Exercise prompt:
Retype the material that follows exactly, limited to the lines from the one with "easy vegan mayo" through the one with "Russell Hobbs RHM1401B", and keep out all pictures.

Dataset extract:
————————
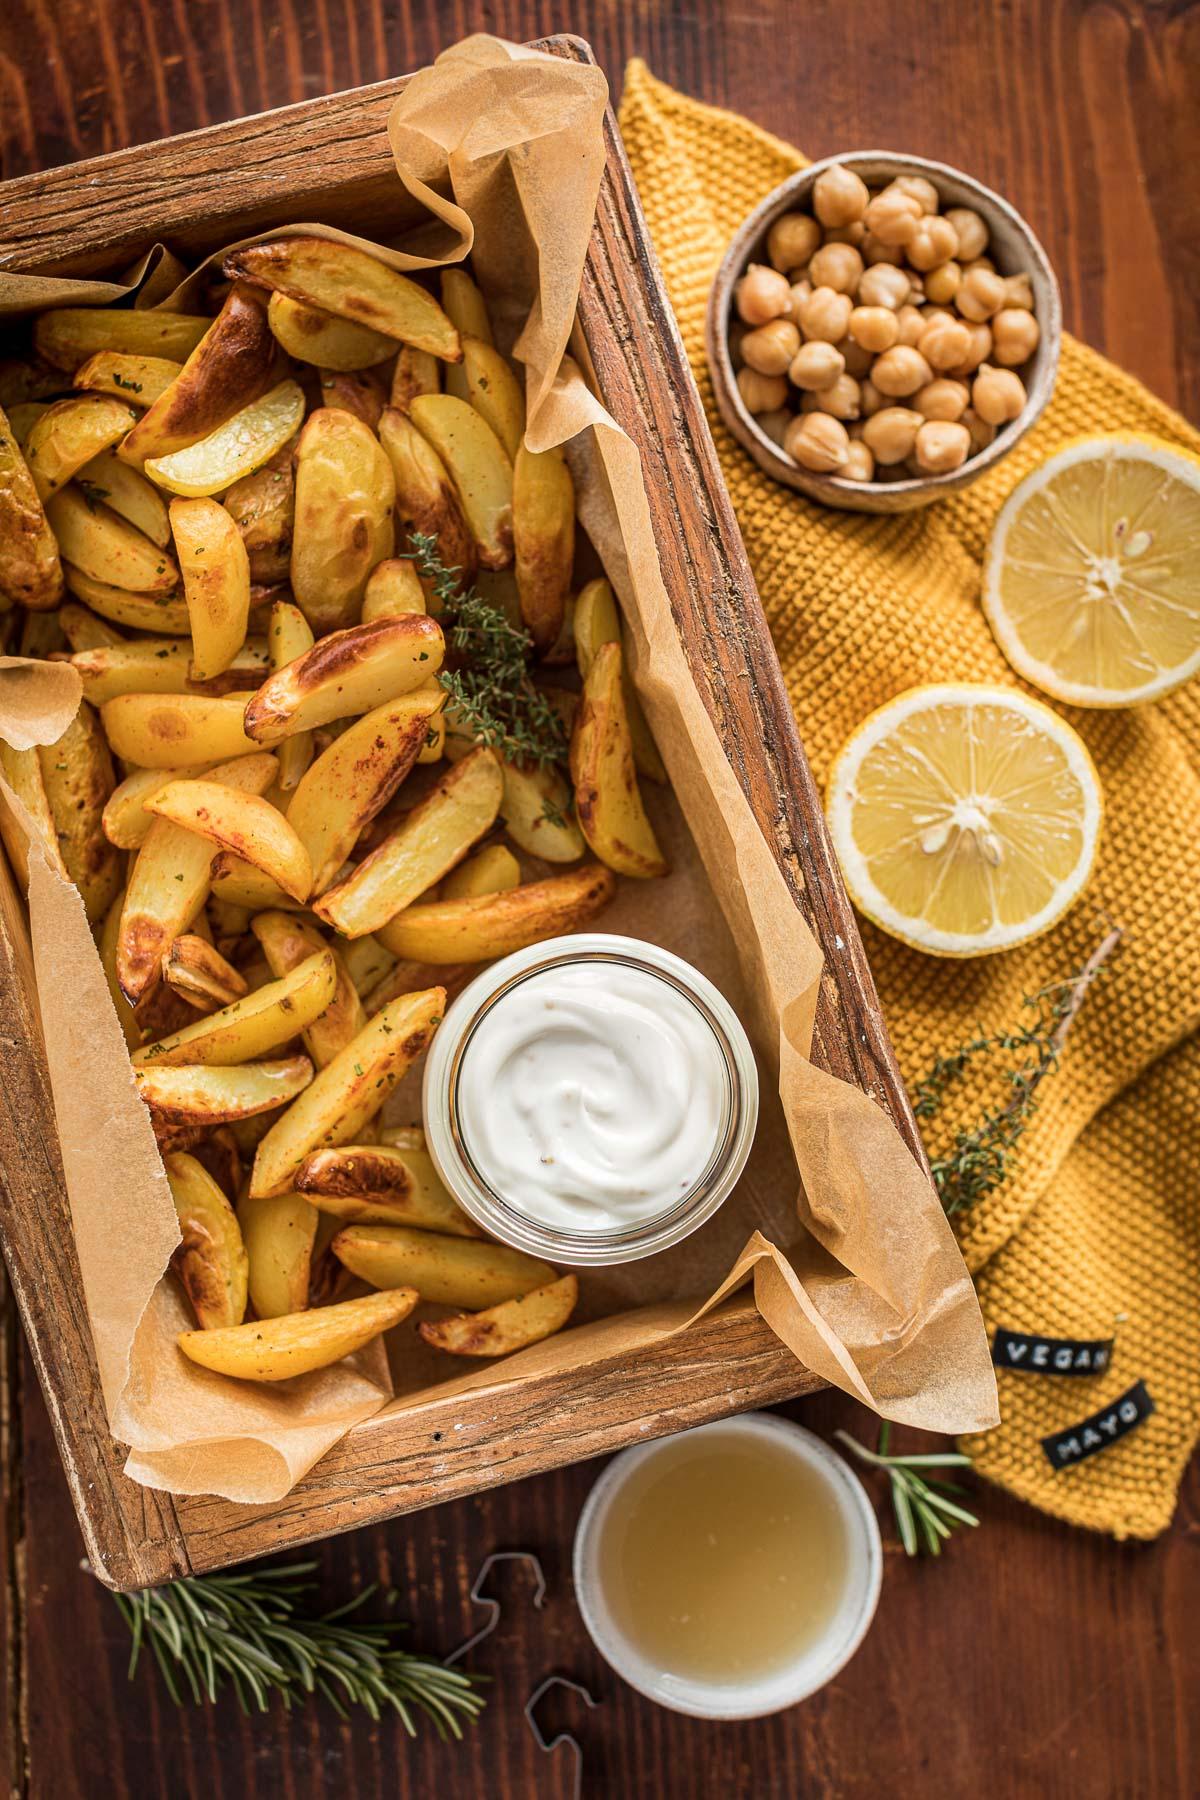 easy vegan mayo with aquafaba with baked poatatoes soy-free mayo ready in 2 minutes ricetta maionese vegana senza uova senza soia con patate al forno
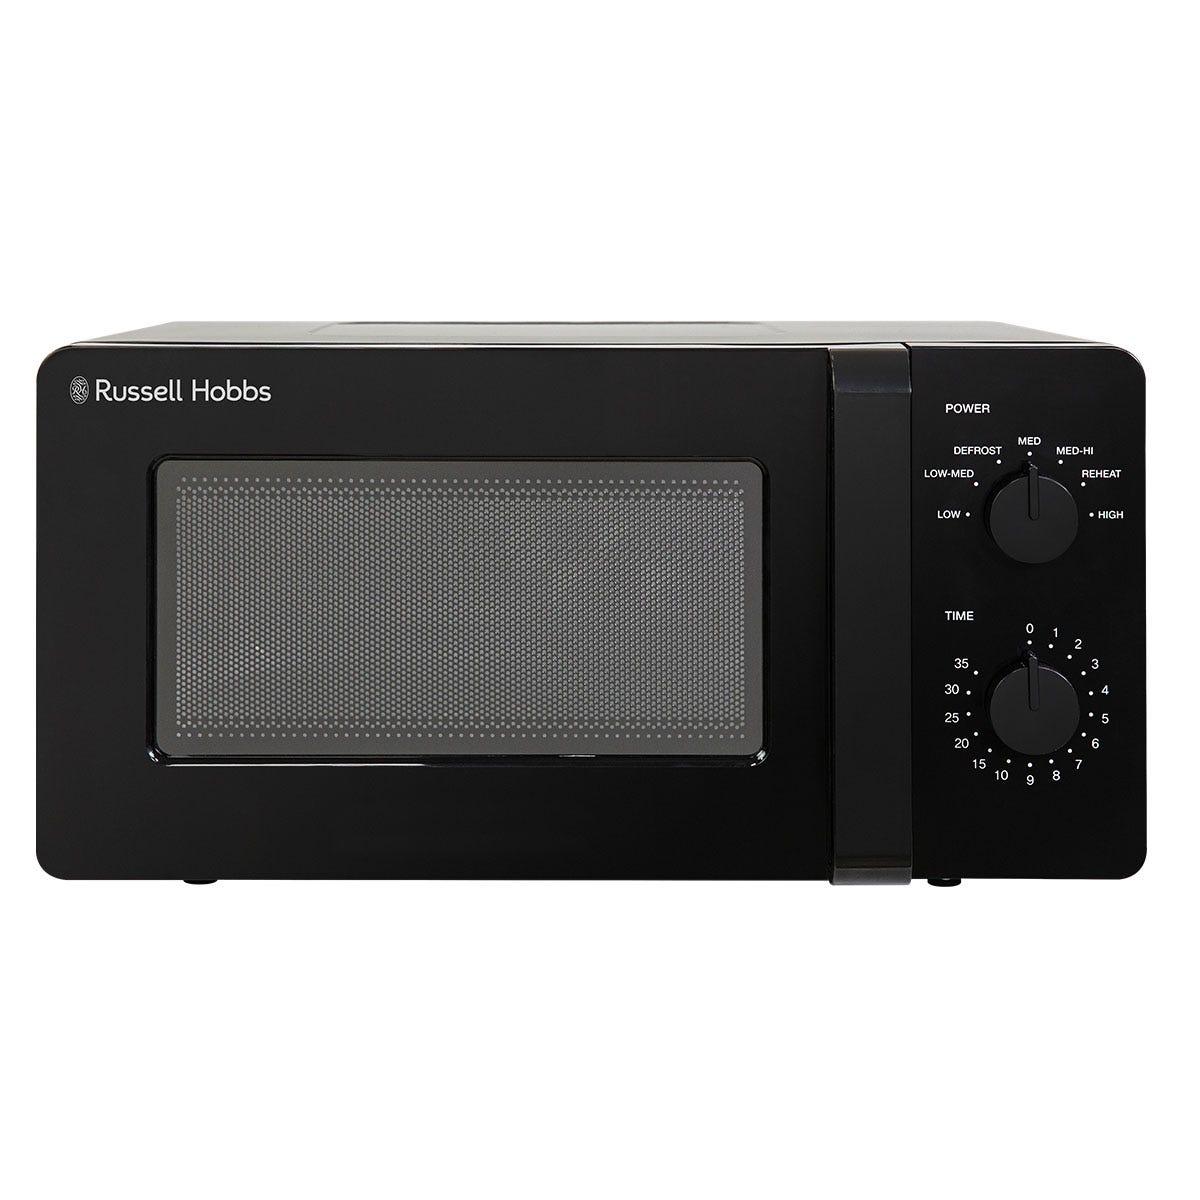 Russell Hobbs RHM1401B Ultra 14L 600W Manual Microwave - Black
————————
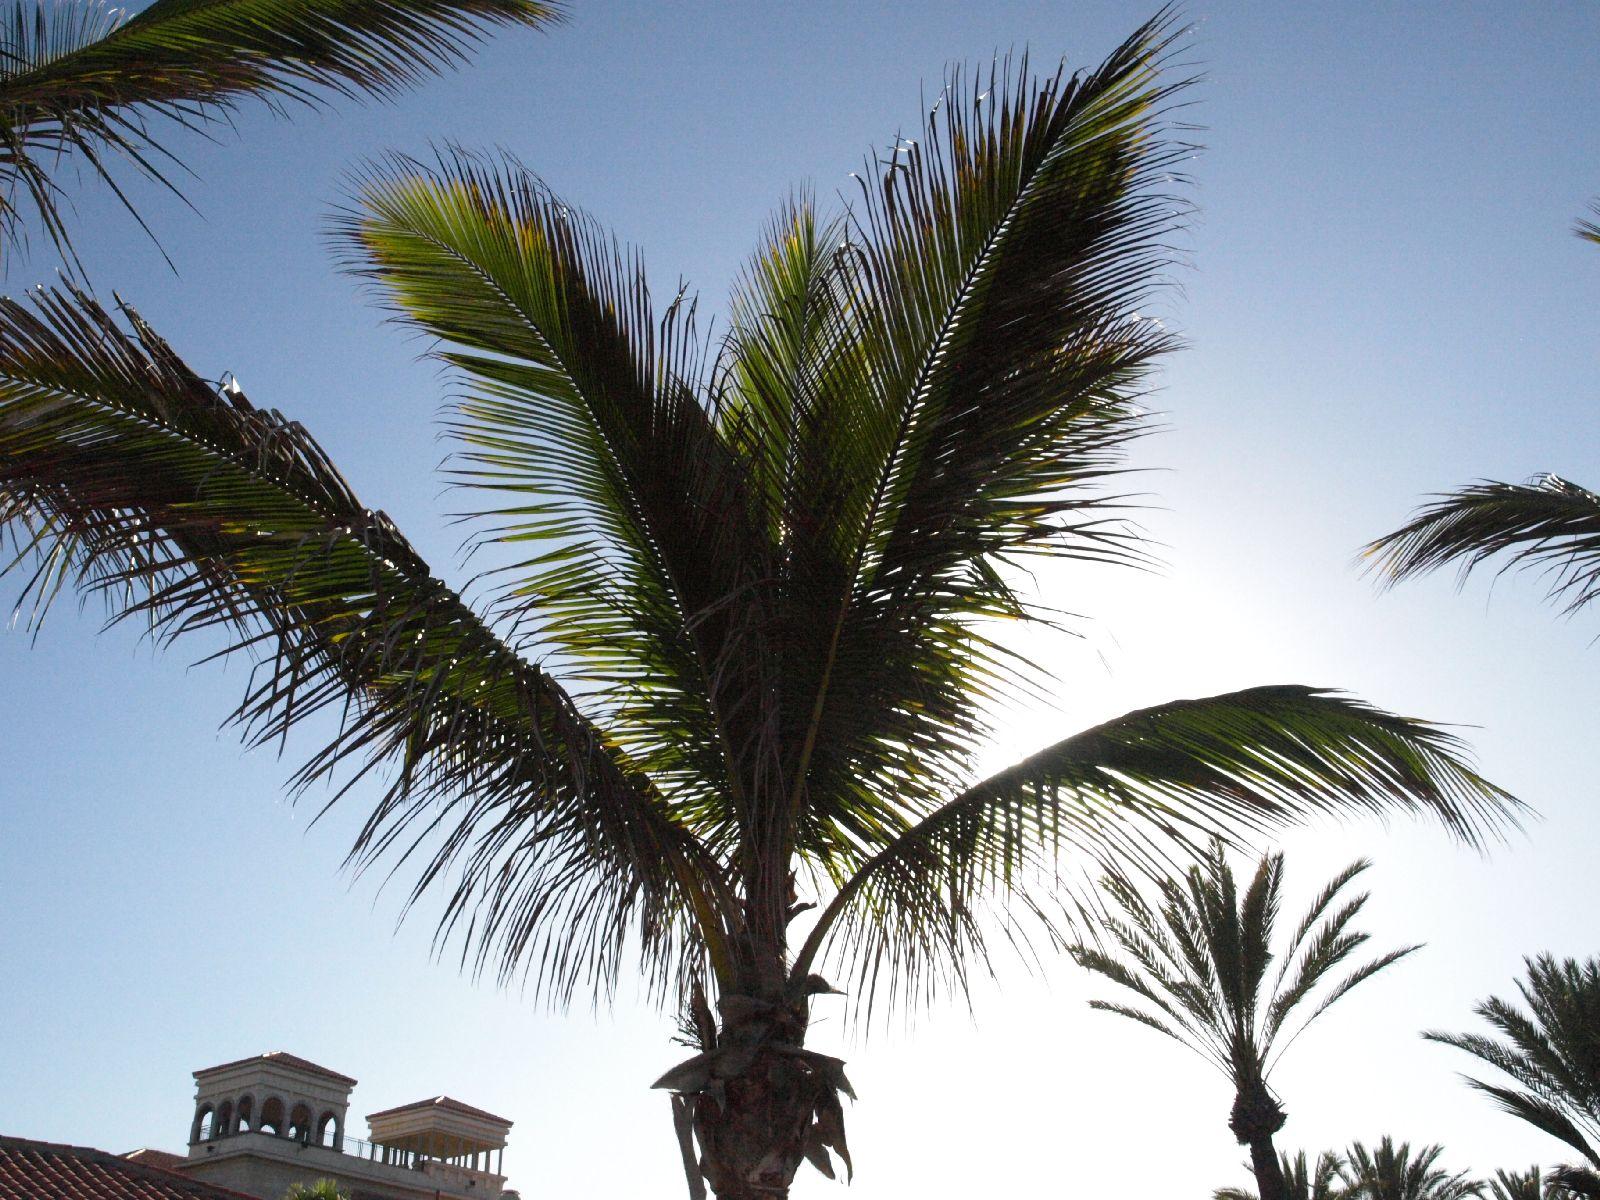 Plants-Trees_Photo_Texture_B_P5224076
————————
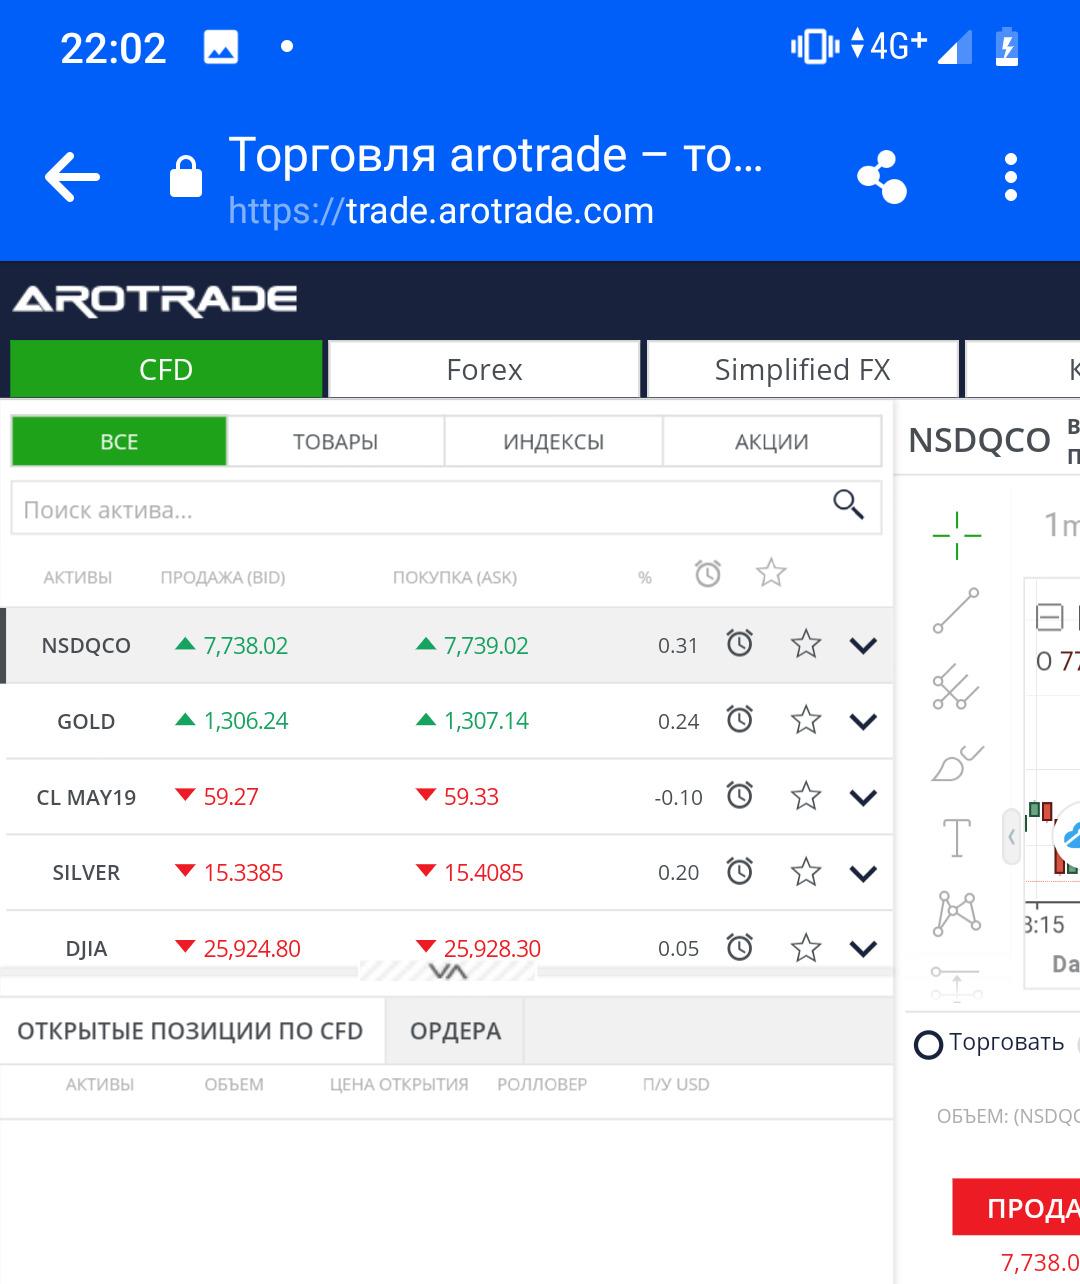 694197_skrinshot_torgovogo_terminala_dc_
————————
Answer section:
 easy vegan mayo with aquafaba with baked poatatoes soy-free mayo ready in 2 minutes ricetta maionese vegana senza uova senza soia con patate al forno
 Russell Hobbs RHM1401B Ultra 14L 600W Manual Microwave - Black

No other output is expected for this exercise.